There are already two way more sophisticated (forgive me my bias) implementations in Clang that are for checking if two statements or decls are the same.

  1. ODRHash, used in modules to discover ODR violations
  2. ASTStructuralEquivalenceContext, used in ASTImporter to discover if two AST nodes are the same or not (as a side effect we diagnose ODR violations as well).

It is not the first time, when such a similarity check is needed (see https://reviews.llvm.org/D75041). Of course reusing the before mentioned components would require some architectural changes, but it might be beneficial.

There are already two way more sophisticated (forgive me my bias) implementations in Clang that are for checking if two statements or decls are the same.

  1. ODRHash, used in modules to discover ODR violations
  2. ASTStructuralEquivalenceContext, used in ASTImporter to discover if two AST nodes are the same or not (as a side effect we diagnose ODR violations as well).

It is not the first time, when such a similarity check is needed (see https://reviews.llvm.org/D75041). Of course reusing the before mentioned components would require some architectural changes, but it might be beneficial.

I do not quite see the overlap. This patch addresses the structural equivalence of DeclRefExprs: as the std::is_same (or any type trait example) demonstrates, two declarations may be the "same" (e.g. they are both std::false_type::value), but two DeclRefExprs referring to those declarations should not necessarily be considered the "same": the qualifier, specifying the path that was taken to look them up, can matter to a user. It's not a matter of the sophistication of the similarity check, it's a matter of what we mean by similarity.

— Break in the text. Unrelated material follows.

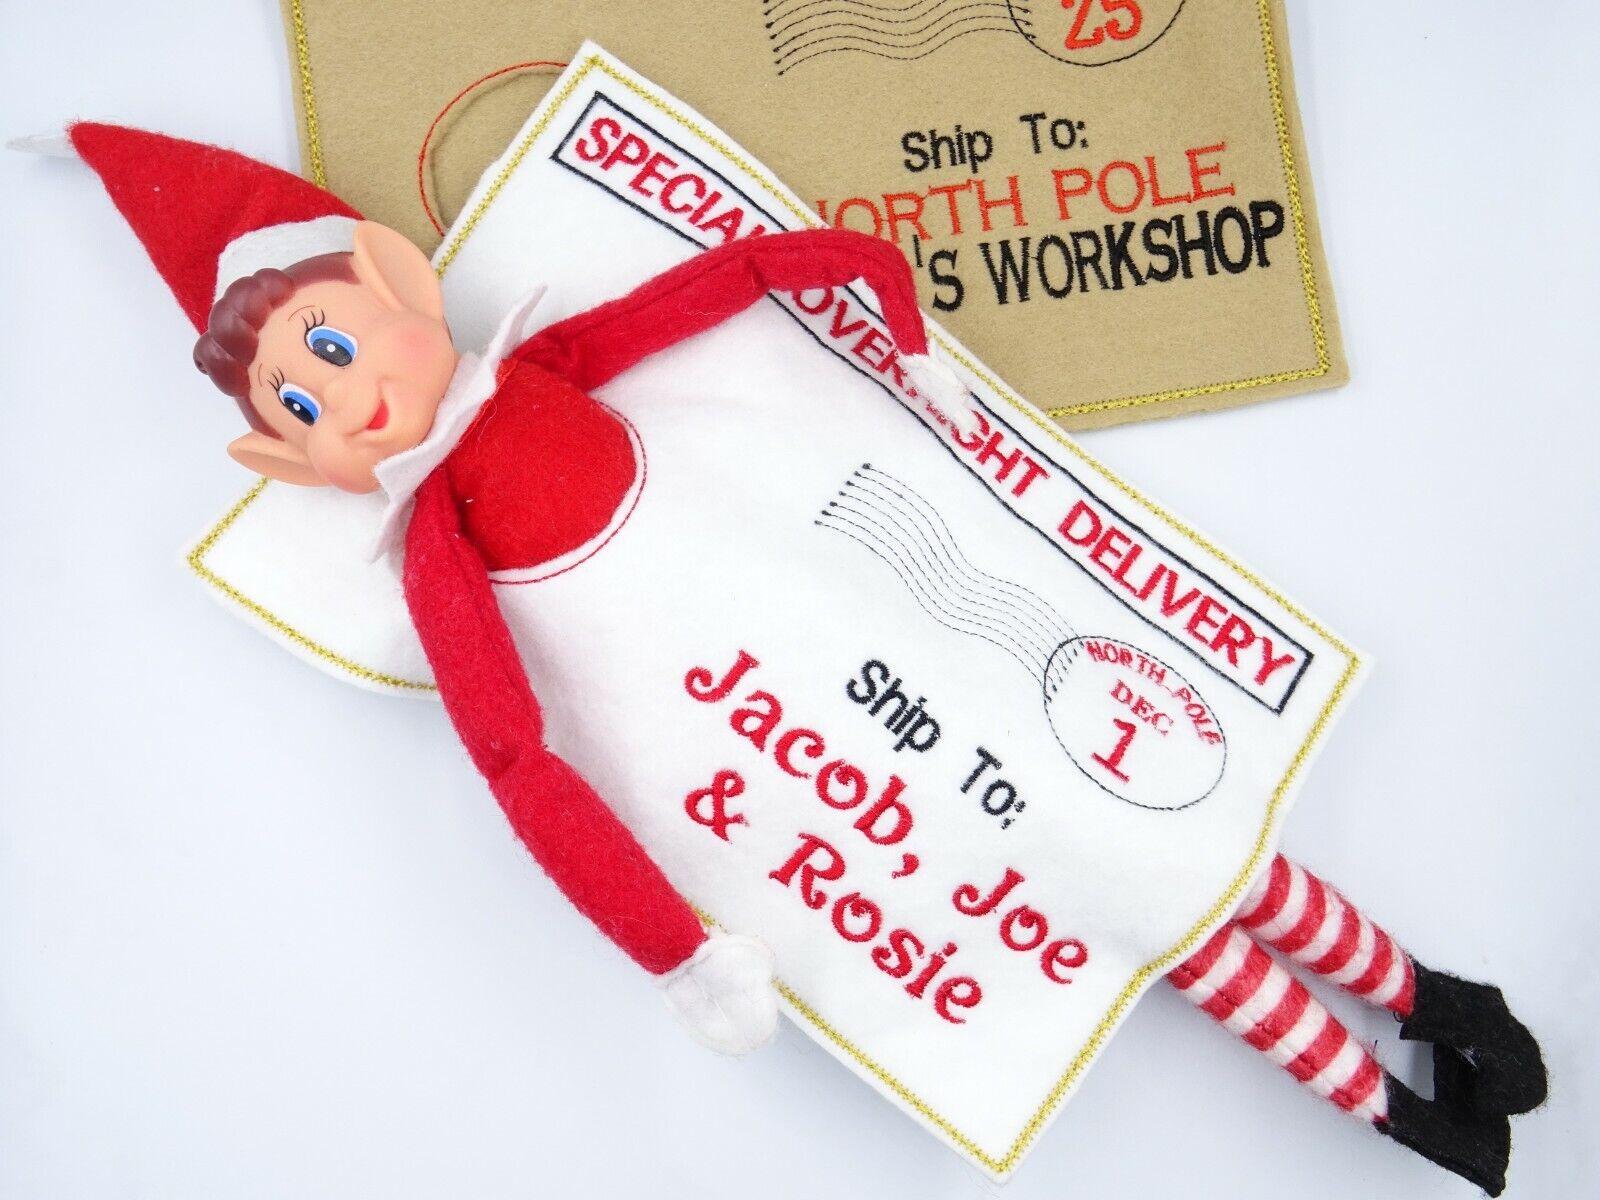 Fieltro de Navidad Personalizado Travieso Elf llegada Polo Norte bolsa de retorno envolvente

I do not see DeclRefExprs handled in ODRHash or ASTStructuralEquivalence. I do see NestedNameSpecifiers handled in both, but I don't think the implementation quite matches what is needed here (e.g. in ASTStructuralEquivalence check, if one NNS is a NamespaceAlias, the other one is assumed to be a NamespaceAlias: not what we want). It's probably not worth the trouble to factor something common out of those; though they should certainly be used as a guide to make sure no cases have been missed.